He graduated in Physics from Loyola College, Madras in 1940 and then obtained his Bachelors in mechanical engineering from the College of Engineering, Guindy affiliated to University of Madras. After completing his degree, he joined the Tata Steel
Technical Institute, Jamshedpur from where he graduated in 1946.
Subsequently, he went to the United States on a Government of India
scholarship to earn a Master of Science in Mechanical Engineering (Distinction) from Michigan State University in 1948.
Kurien arrived back from the United States to India on 13 May 1949, after his master's degree, and was quickly deputed to the Government of India's experimental creamery, at Anand in Gujarat's Kheda district
by the government and rather half-heartedly served out his bond period
against the scholarship given by them. He had already made up his mind
to quit mid-way, but was persuaded to stay back at Anand by Tribhuvandas Patel (who would later share the Magsaysay
with him) who had brought together Kheda's farmers as a cooperative
union to process and sell their milk, a pioneering concept at the time.

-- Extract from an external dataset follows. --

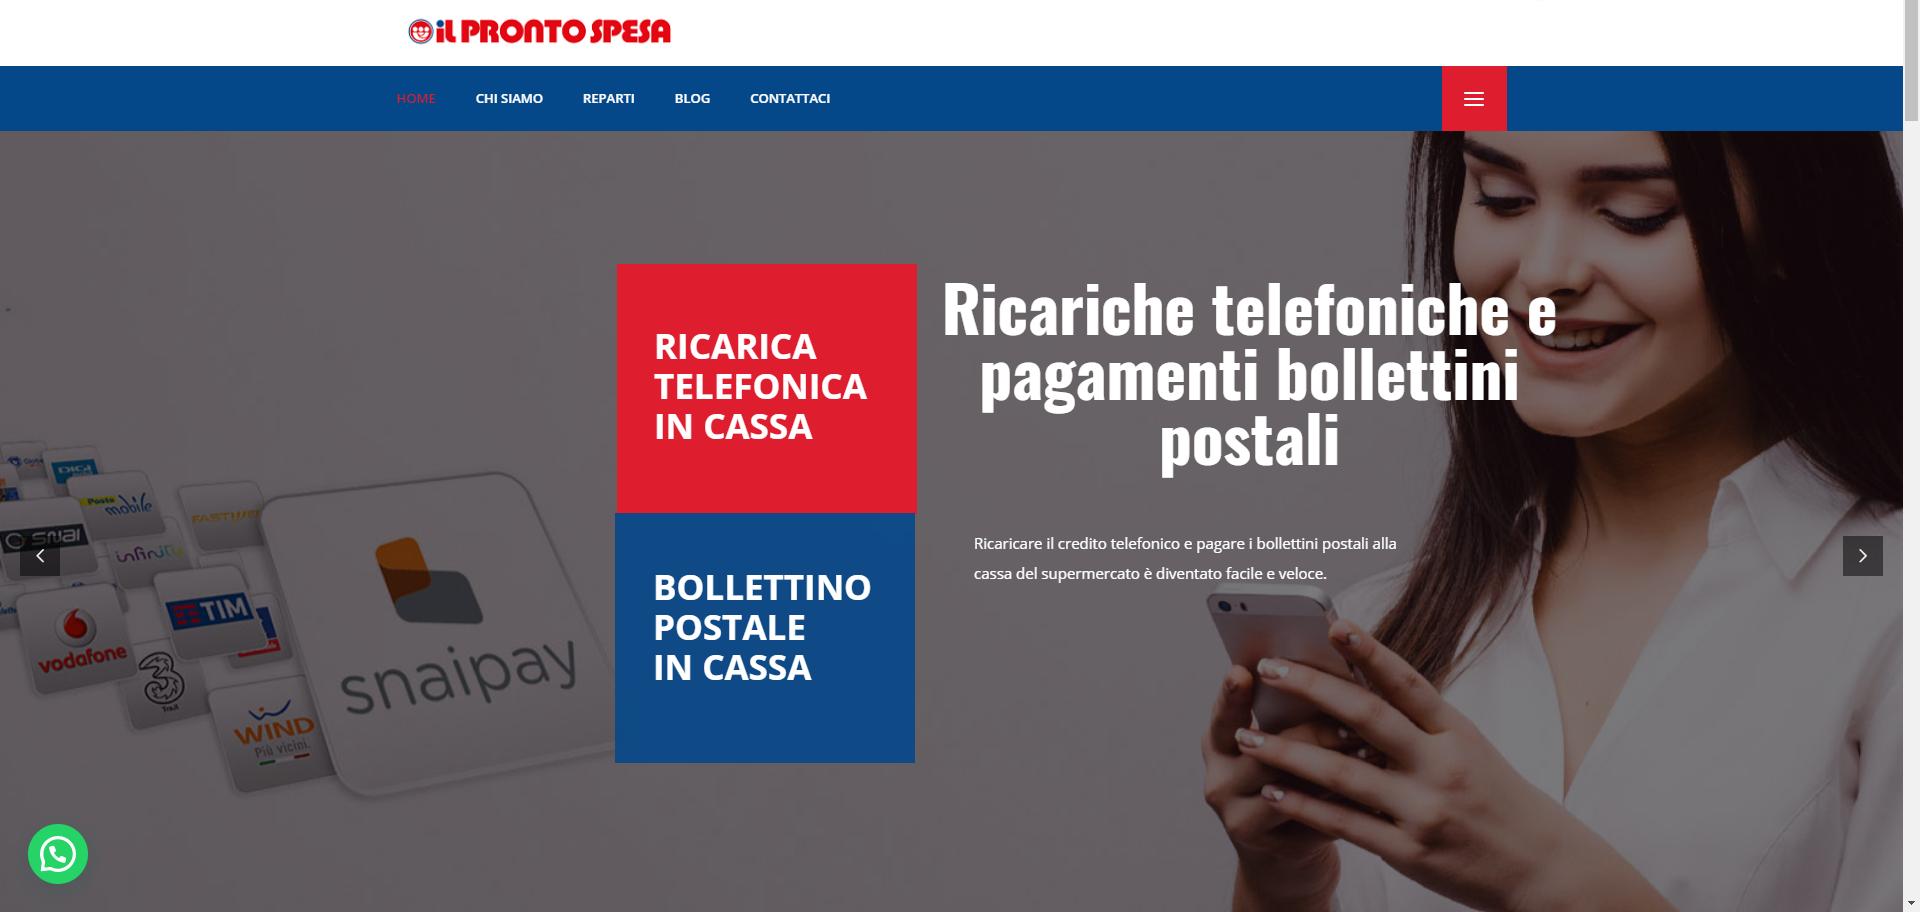 Home - Il Pronto Spesa - Google Chrome 16_04_2021 20_27_40

He would brook no meddling from the political class or bureaucrats sitting in the capital cities, letting it be known upfront, though he, and his mentor and colleague, Tribhuvandas Patel
were backed by the few enlightened political leaders and bureaucrats of
the early Independence days who saw merit in their pioneering
cooperative model.
Tribhuvandas Patel's
sincere and earnest efforts inspired Kurien to dedicate himself to the
challenging task before them, so much so, that when Prime Minister Lal
Bahadur Shastri was to visit Anand later, to inaugurate Amul's plant, he embraced Kurien for his groundbreaking work. Meanwhile, Kurien's buddy and dairy expert H. M. Dalaya, invented the process of making skim milk powder and condensed milk from buffalo milk instead of from cow milk. This was the reason Amul would compete successfully and well against Nestle
which only used cow milk to make them. In India, buffalo milk is the
main raw material unlike Europe where cow milk is abundant. The Amul
pattern of cooperatives became so successful, that in 1965 Prime
Minister Lal Bahadur Shastri, created the National Dairy Development Board (NDDB) to replicate the program nationwide citing Kurien's "extraordinary and dynamic leadership" upon naming him chairman.

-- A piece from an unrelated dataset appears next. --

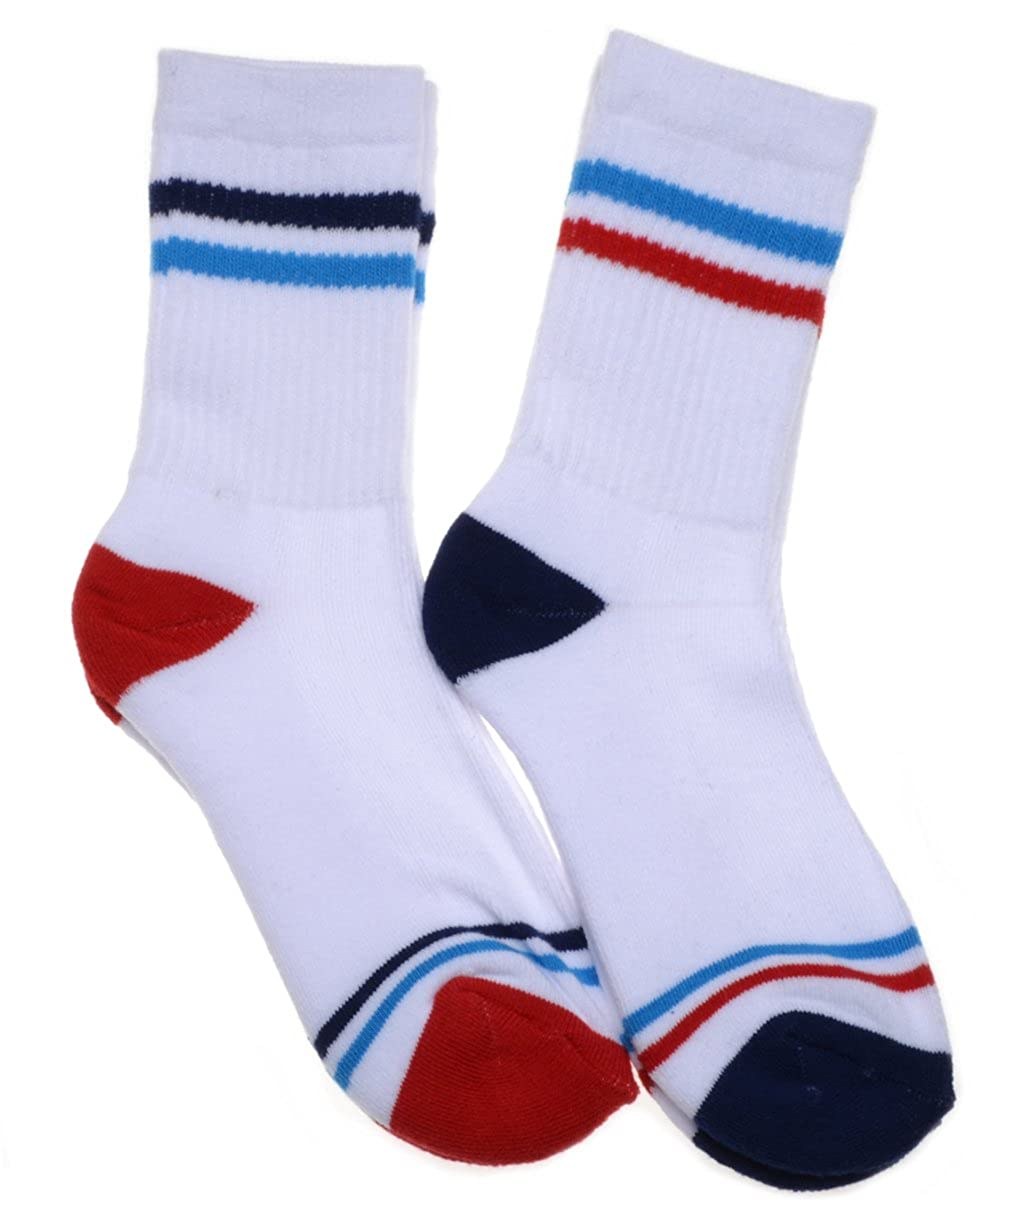 2 pairs of Childrens White Sports socks

As the 'Amul dairy experiment' was replicated in Gujarat's districts
in the neighbourhood of Anand, Kurien set all of them up under GCMMF in
1973 to sell the combined produce of the dairies under a single Amul
brand. Today GCMMF sells Amul products not only in India but also
overseas. He quit the post of GCMMF Chairman in 2006 following
disagreement with the GCMMF management.
When the National Dairy Development Board expanded the scope of Operation Flood to cover the entire country in its Phase 2 program in 1979: Kurien founded the Institute of Rural Management Anand
(IRMA).Kurien, played a key role in many other organizations, like
chairing the Viksit Bharat Foundation, a body set up by the President of
India. Kurien was mentioned by the Ashoka Foundation as one of the
eminent present Day Social Entrepreneurs. Kurien's life story is
chronicled in his memoir I Too Had a Dream. Interestingly Kurien, the person who revolutionized the availability of milk in India did not drink milk himself.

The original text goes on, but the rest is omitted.